Что случилось? Девушка-евроазиатка не знает, что и думать. Должно быть, это не тот господин Чан. Маленький тщедушный человечек, которого она видит перед собой, за всё время разговора не произнёс ни одного приветливого слова, ни разу не улыбнулся. С каменным выражением лица стоит он неподвижно в дверях, не сделав ни одного движения, не переменив позы, глаза его бесстрастно устремлены на непрошенную гостью (снизу вверх, поскольку девушка выше его), давая понять, что дальше он её не впустит. Но девушка не отступает:
– Вы знаете госпожу Эву?
– Не имею чести.
– Значит произошла ошибка… Извините… Я искала господина Чана.
– Это я, – говорит господин Чан.
– Но вы ничего не продаёте.
– Нет, – говорит господин Чан, – мы проводим экспертизу.
– Вы не знаете, есть ли в этом доме другой человек по имени Чан?
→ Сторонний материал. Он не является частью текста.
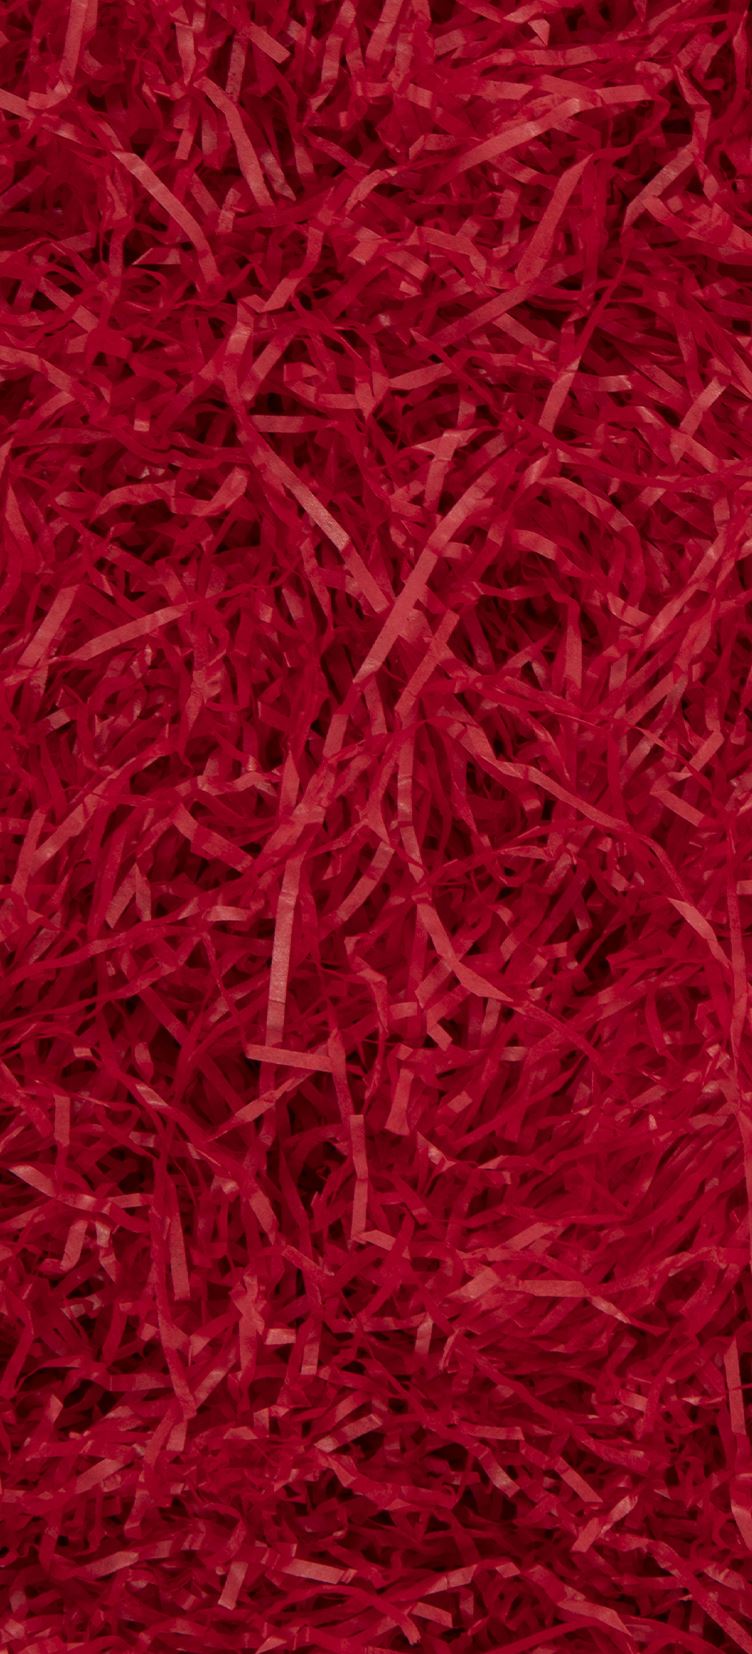 Shredded Tissue Paper - Red

– Несомненно есть, – отвечает господин Чан. И захлопывает дверь перед Ким, которая некоторое время стоит на тёмной площадке, не зная, что ей делать. Ещё раз смотрит на квадратный листок бумаги, который по-прежнему крепко сжимает в руке; текст она знает наизусть, ей не нужно много света, чтобы прочесть его; адрес написан чётко и разборчиво. Обернувшись, она смотрит в самый низ лестницы, находящийся гораздо дальше, чем ей показалось сначала, на светлый прямоугольник – отсечённый кусок тротуара, на котором у самого входа в здание столпилось множество крохотных людских фигурок. Они разговаривают и оживлённо жестикулируют, размахивают руками и задирают головы в направлении площадки, где она стоит, словно заняты спором о ней. Некоторые даже собираются подняться по лестнице, хотя рассмотреть Ким из глубины этого тёмного туннеля практически невозможно. Ким ощущает некоторое беспокойство и торопливо стучит в третью дверь, что слева, откуда улицы уже не видно. Дверь мгновенно открывается, как будто кто-то стоял за ней и ожидал её прихода. Это всё тот же китаец в очках в железной оправе и европейском, свободно висящем на нём костюме. Китаец внимательно смотрит на девушку, лицо его по-прежнему невыразительно, возможная враждебность притаилась разве что в тонкой оправе очков. С нарастающим беспокойством Ким оглядывается, чтобы убедиться, не постучала ли она в ту дверь, что справа; нет, это не только другая дверь, но и находится она как раз напротив той, в которую она стучала минуту назад, их разделяет лестница, так что об ошибке не может быть и речи. Но уже менее уверенно Ким начинает: «Извините…»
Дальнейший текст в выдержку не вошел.